I try to work on one big project at a time--so only write one book at a time, but then as the book starts to wrap up or go into editing, then I being to explore the next project in parallel to that process.

pushaman19871 karma

What was the last thing to blow your mind or made you have an "a-ha!" moment?

ryan_holiday3 karma

I'm reading Ron Chernow's biography of Ulysses S. Grant right now. Did you know that Grant stayed in John Brown's parents house on his way to West Point as a teenager? He found their son to be a bit kooky...

morosco1 karma

How much of the verdict money has Hogan (and his attorneys) actually gotten, and is there any hope of them getting more at this point?

ryan_holiday2 karma

The case settled for roughly $30 million. Charles Harder's legal fees were paid by Peter Thiel directly, so I don't believe he participated in the settlement itself.

ConradNYC1 karma

Can you think of any conspiracy theory that you know to be fake, but you wish it were real, just because it would be a good story?

ryan_holiday7 karma

It'd be pretty insane if we really didn't land on the moon, wouldn't it? My friend, the writer Aaron Thier, has an amazing line in his new novel The World Is A Narrow Bridge

“Some people are so smart they can put a guy on the moon, and other people are so dumb or crazy that they can’t be convinced it ever happened and that’s the problem of human society right there.”

RedfordStephens1 karma

Hey Ryan, big fan. I’ve read Obstacle and Ego, and just finished What Makes Sammy Run per your recommendation. Loved all them.
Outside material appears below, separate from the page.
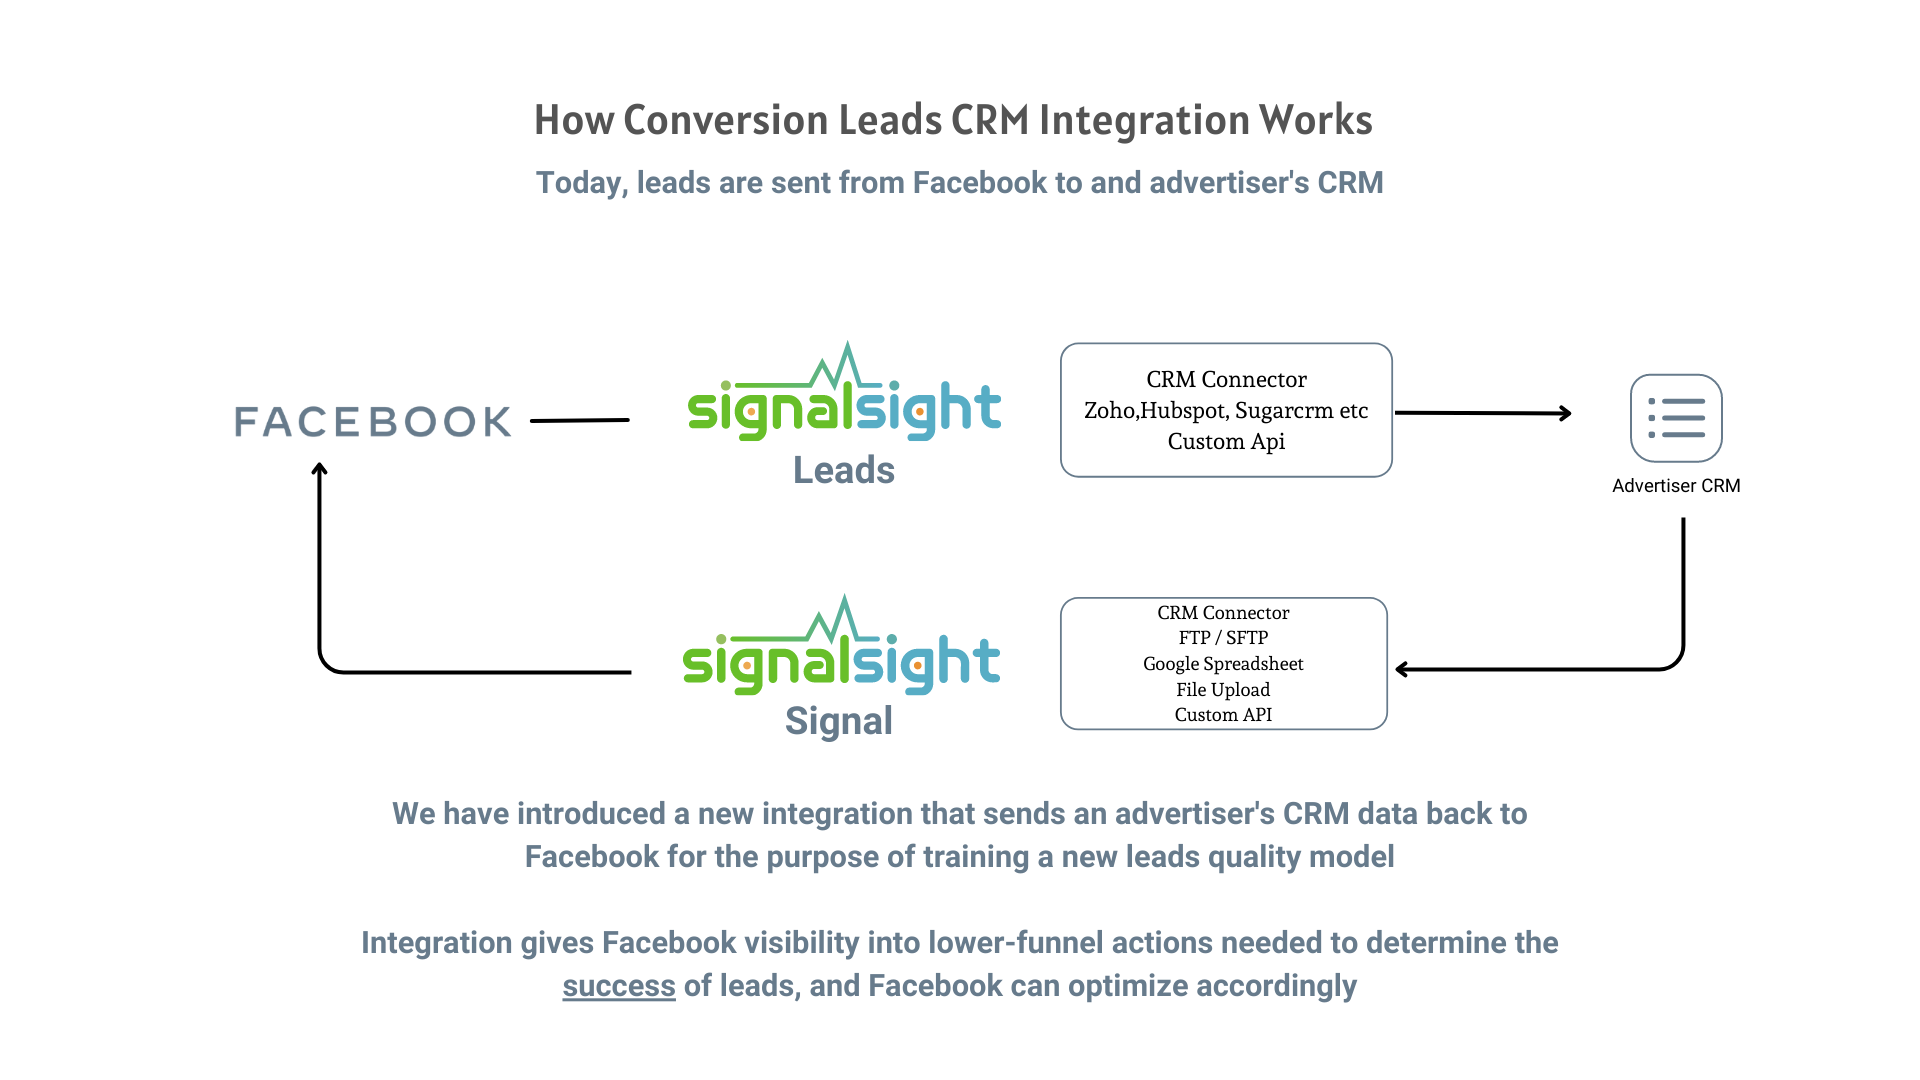 Conversion Leads Guide
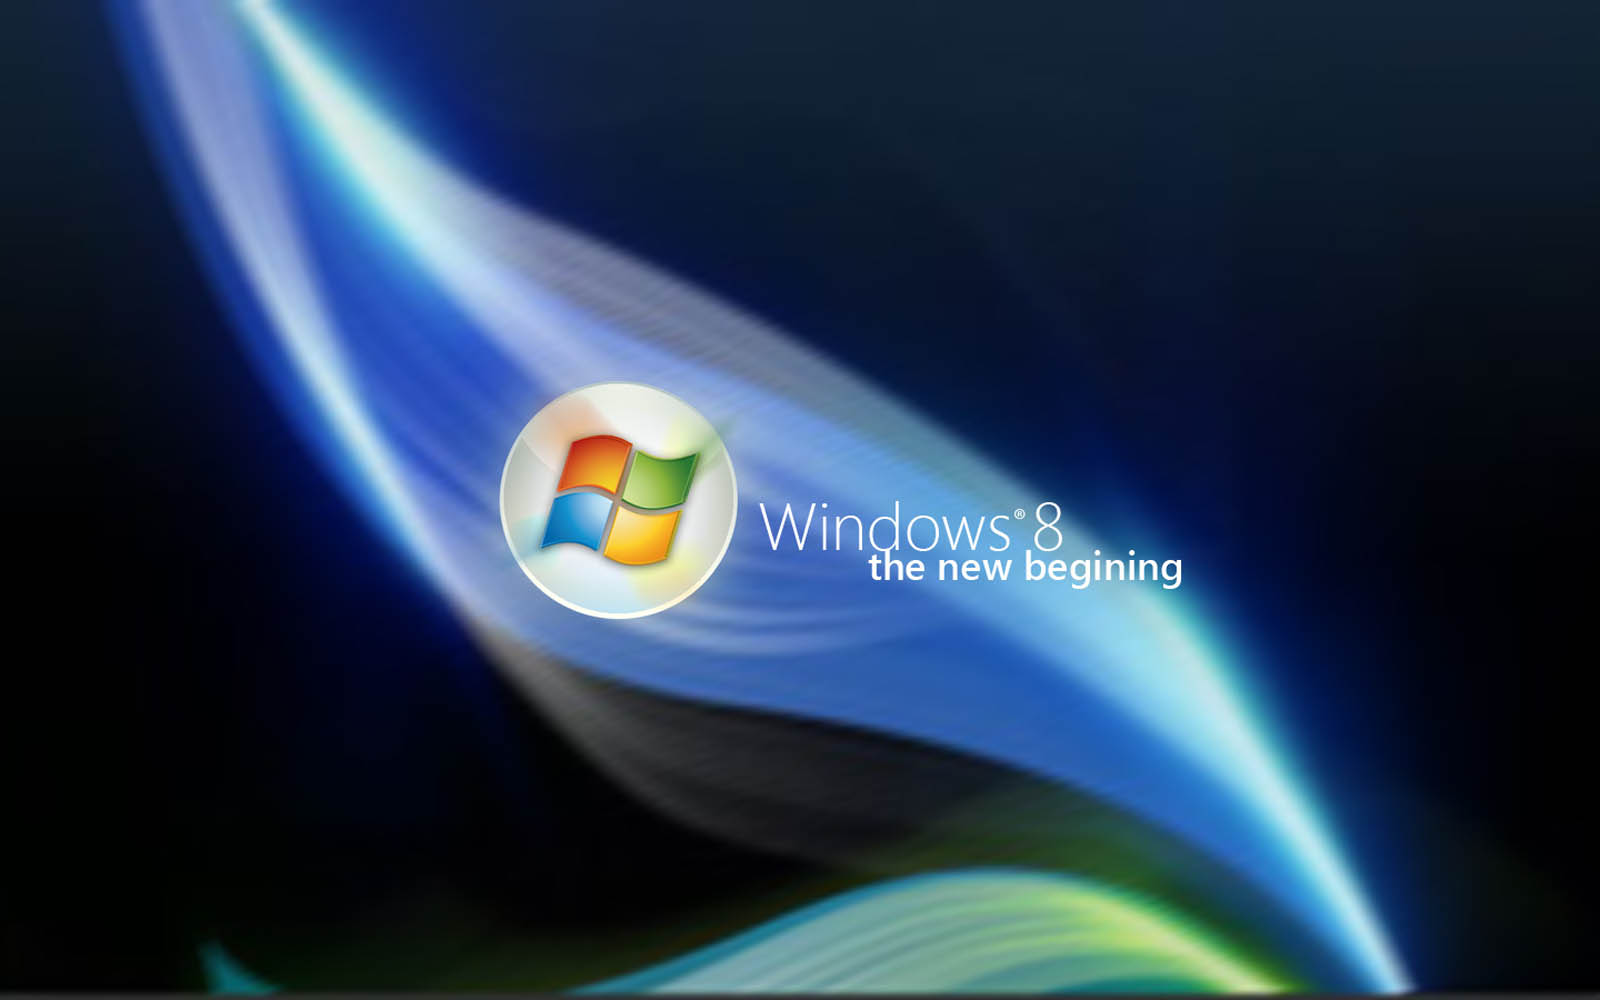 Tag Windows Desktop Wallpaper Background Photos Pictures And

I was listening to The Forward podcast when you were the guest. Any chance you will collaborate with Lance on a book as it was suggested during the show? I think the topic of the potential book was “what to do when your life falls apart”/“starting from scratch.”

Thank you!

ryan_holiday4 karma

I'm interviewing Lance at a conference in New York tomorrow actually. I'm hoping the book will come together!